# DATA
····················

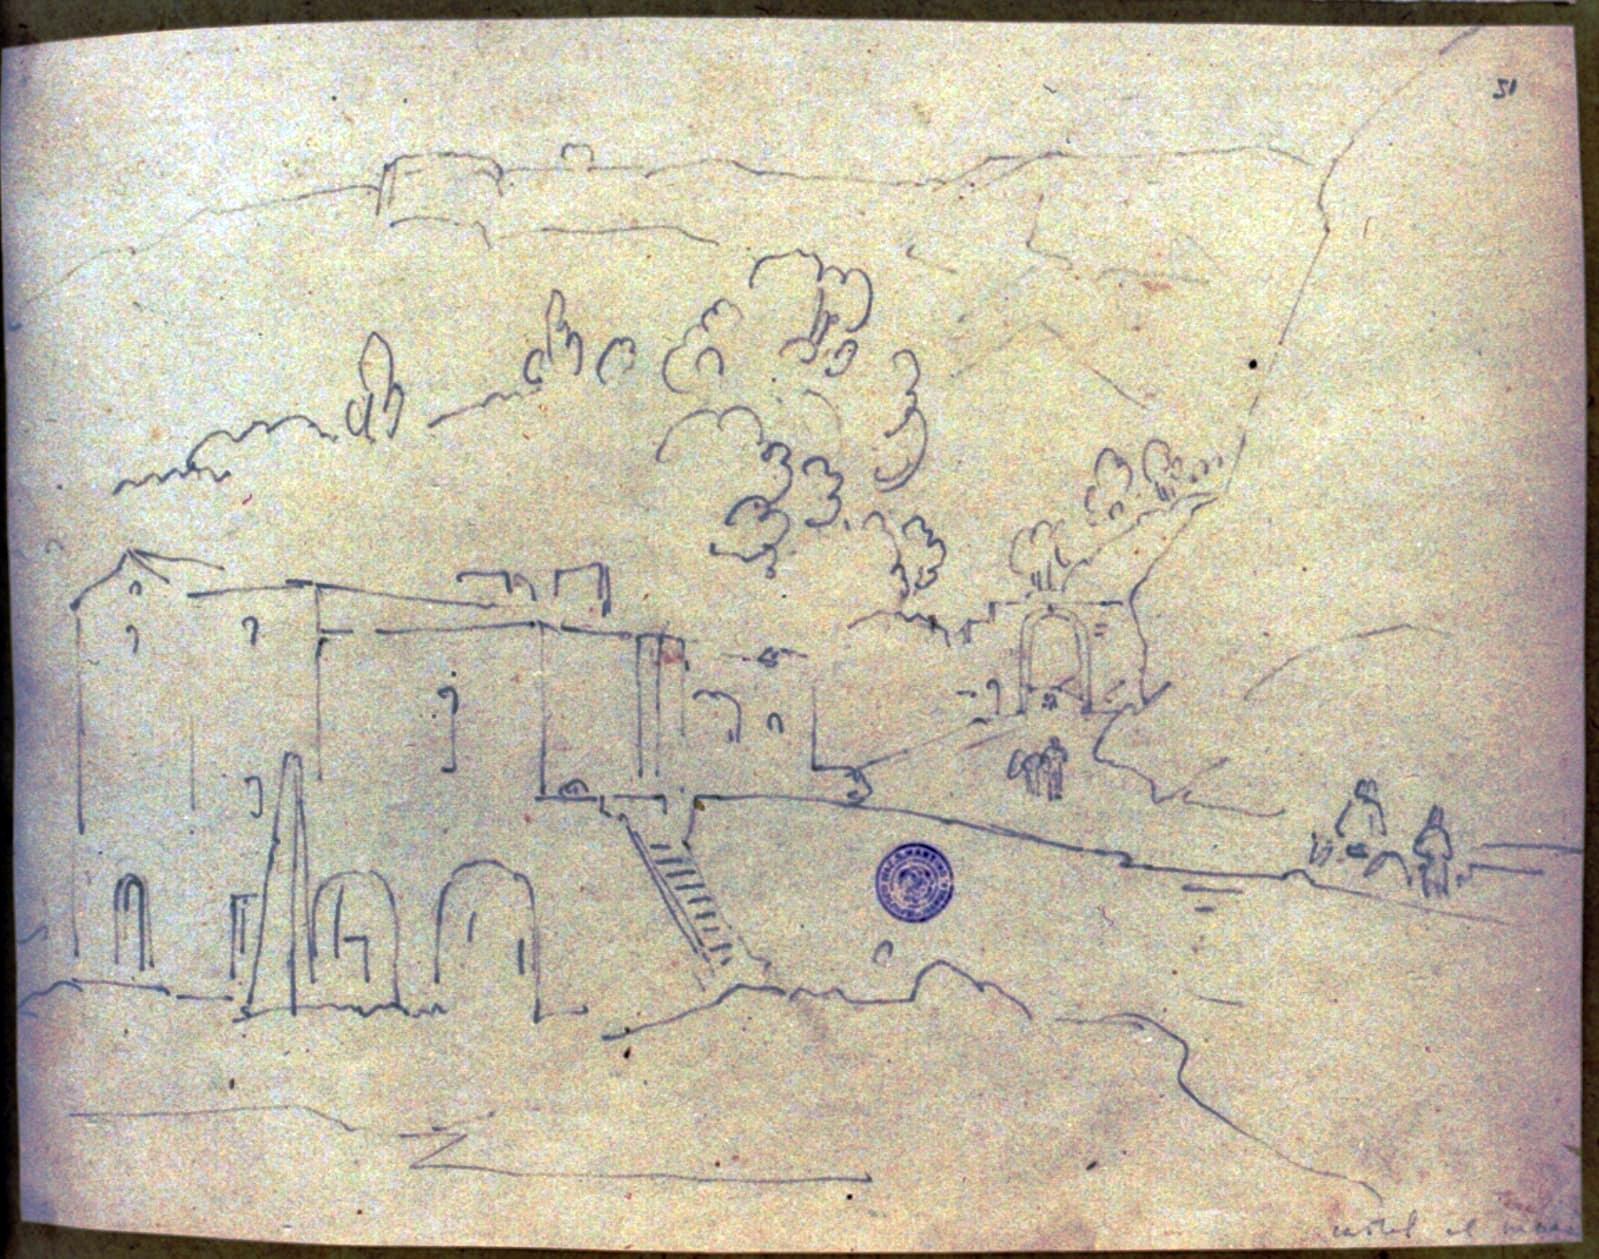 Frans Vervoloet, Salita del Mulino, disegno a matita rinvenuto da Salvatore Gallo
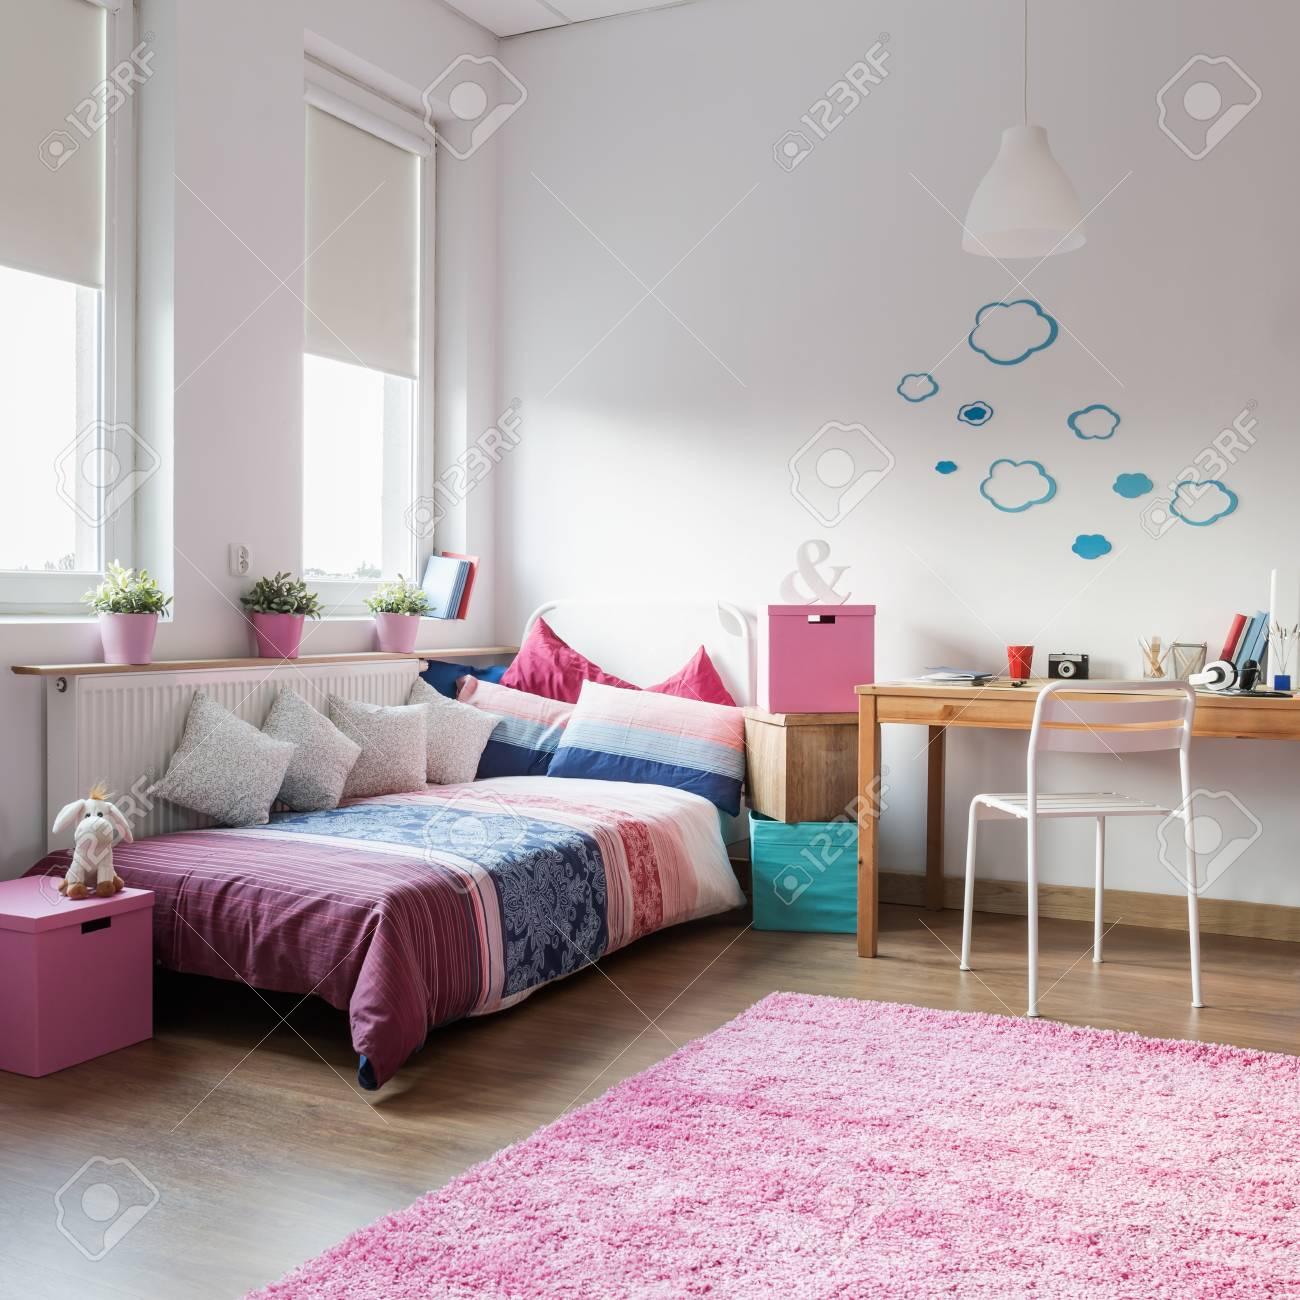 Modele Chambre Fille Ado ados chambre de jeune fille et de l'espace pour l'étude
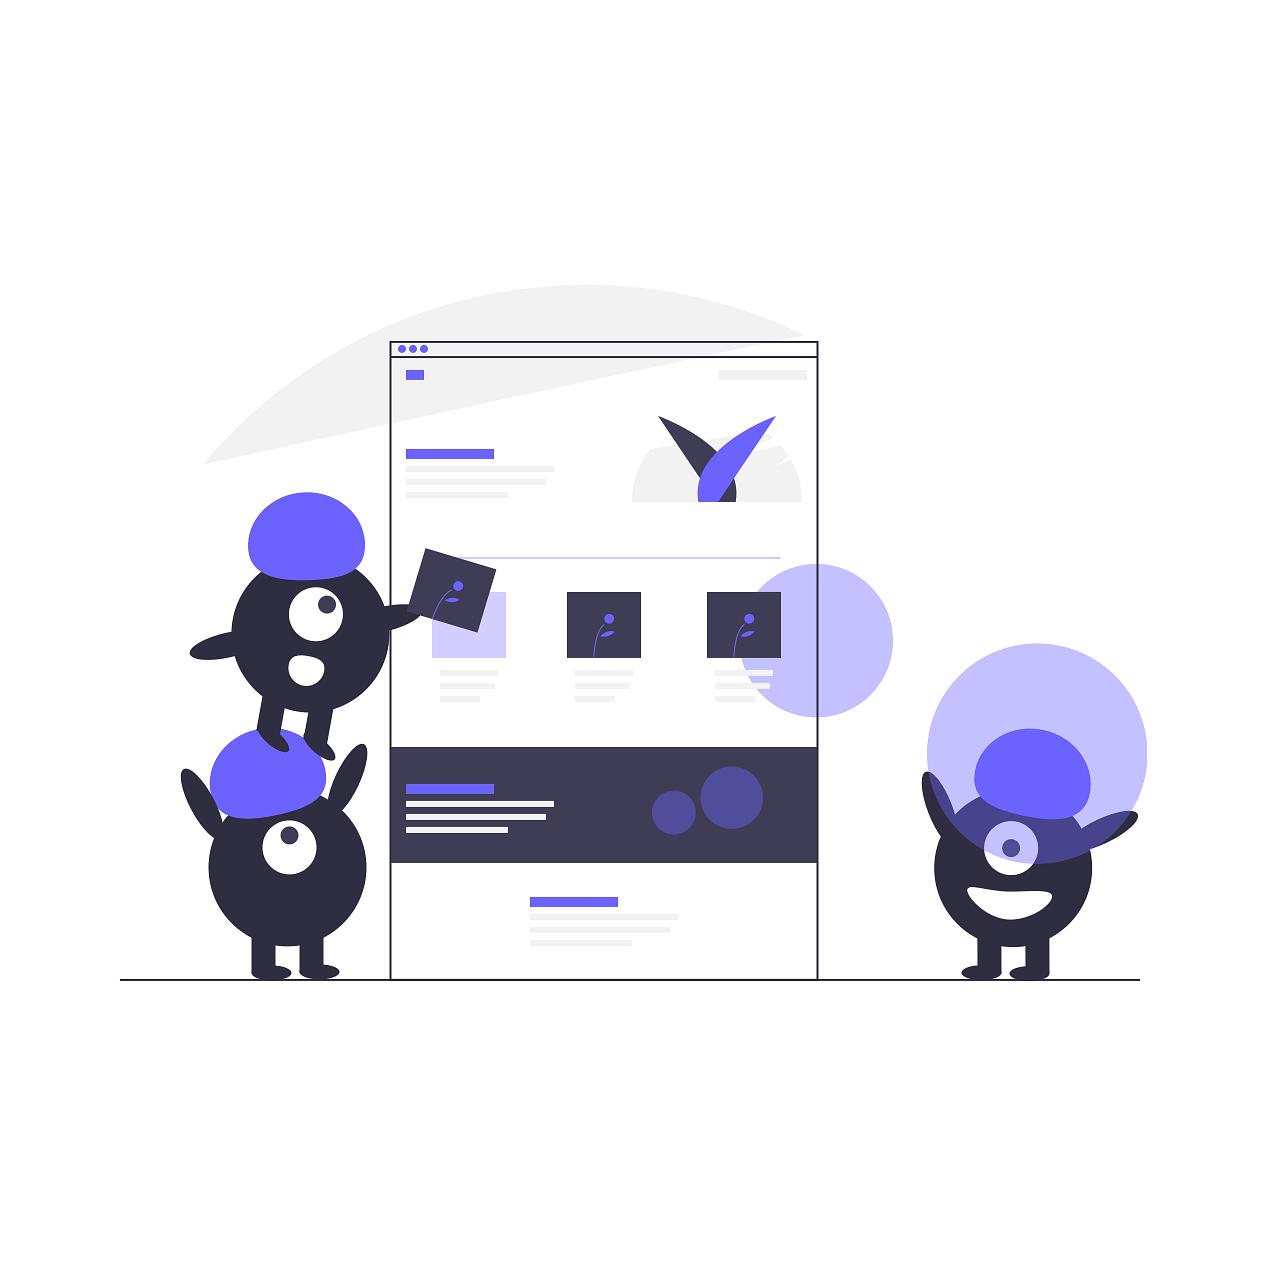 Czym jest Design System?

····················

# WORK ORDER
Without the pictures, write out the whole listing exactly as it appears.

# RESULT
 Frans Vervoloet, Salita del Mulino, disegno a matita rinvenuto da Salvatore Gallo
 Modele Chambre Fille Ado ados chambre de jeune fille et de l'espace pour l'étude
 Czym jest Design System?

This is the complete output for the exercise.